Semantic Web ontology is a knowledge base to support the actual running of semantic Web, which formally defines the widely acknowledged knowledge and the relationships between knowledge in a domain. It is concretely expressed as the widely acknowledged concepts and the relationships between them in the domain. Concept lattice formally defined the concepts and the relationships between them. Although both the concept lattice and the ontology are knowledge bases, however, the former stands on mathematical rigorous feature, and the latter pursues the convenience of application. It is beneficial to build high-quality Semantic Web ontology that "practical domain→concept lattice→ontology" as the developing route.
     Most existing available ontologies are in English form, and there is no effective tool with integrated functions. The cognition to real world of human which is uncertain will certainly show fuzziness and roughness, and the rough concept is one of the basic forms of human cognition. Rough concept lattice is a knowledge base which is expressed as rough concepts and the relationships between them. Moreover the "practical domain→rough concept lattice→Chinese ontology" is applied to support the practical operation of the Semantic Web more closely to real-world, which is the research target and technical route of this paper. Formal context determines the complex degree of rough concept lattice, so this paper mainly researches formal context extracted from data source.
     First, extract formal context. This paper will take unstructured Chinese texts as the data source of formal context considering the practicality. To extract a concise formal context, the set of similar word set was proposed to reduce the redundancy caused by a single word.
     Second, reduce formal context. The reduction algorithm of formal context that corresponding to concept lattice is extended.
     Third, extract rough formal concepts. Rough formal concepts are extracted based on formal context reduced.
     Fourth, build rough concept lattice. Because the numbers of tuples of rough formal concept and formal concept are different, to achieve rough concept lattice building, the building algorithms of the concept lattice are researched and extended.

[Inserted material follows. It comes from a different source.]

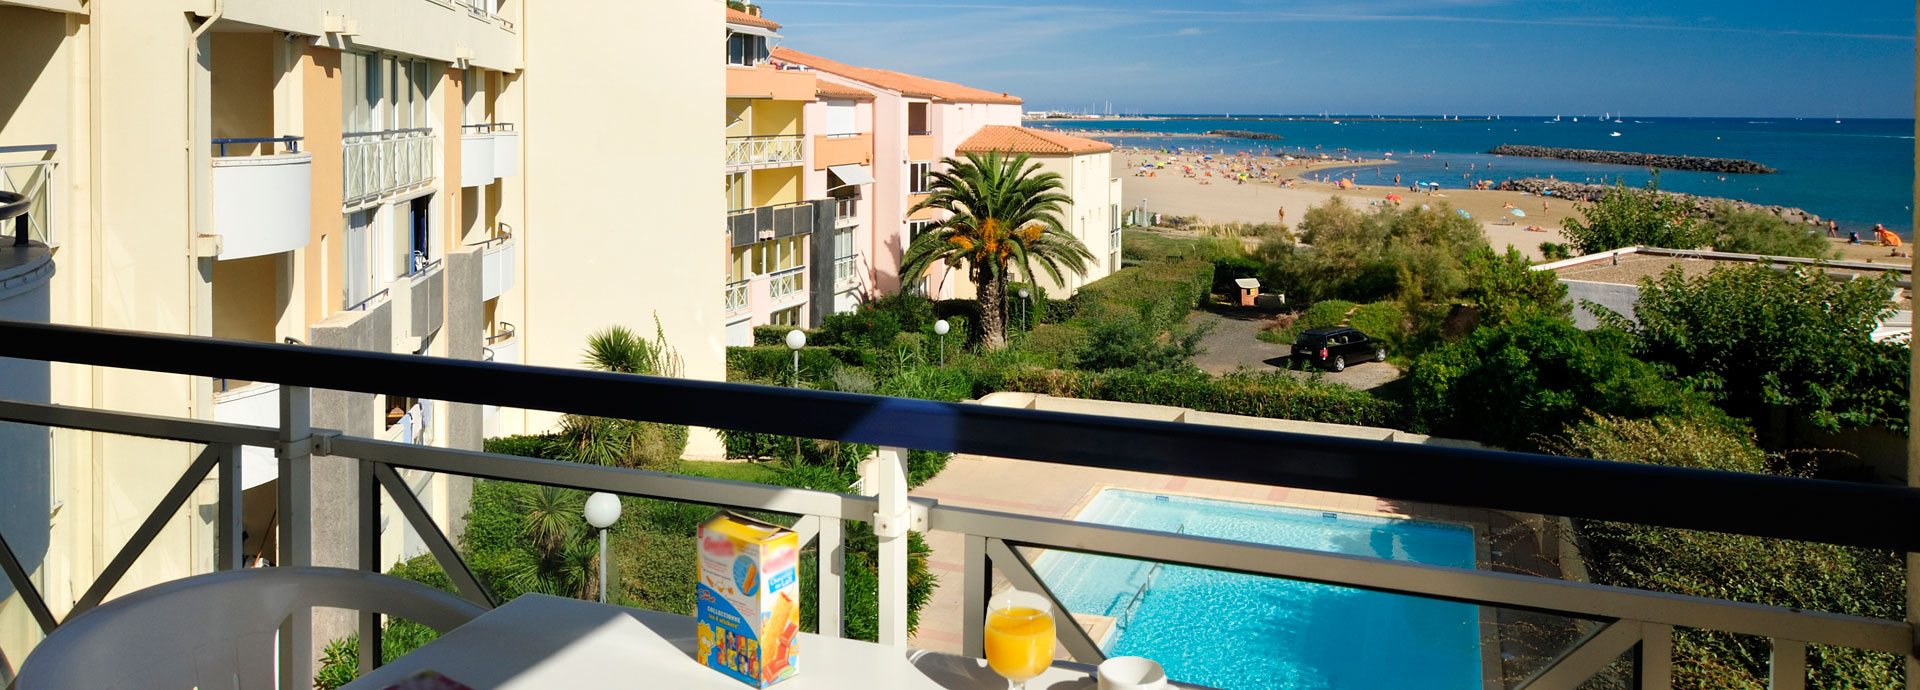 affitto case vacanza a Cap d'Agde : residence Savanna Beach

     Fifth, transform rough concept lattice forming semantic Web Chinese ontology. Based on the study of formal concept analysis applied to ontology building, rough concept lattice is processed to form the ontology prototype, and ontology description language is used to describe ontology, so as to transform rough concept lattice to semantic Web Chinese ontology.
     Finally, carry out example verification. The feasibility and practical value of the method of building semantic Web Chinese ontology based on rough concept lattice are verified by using 214 Chinese texts in traffic classes from Sogou Labs as the data source.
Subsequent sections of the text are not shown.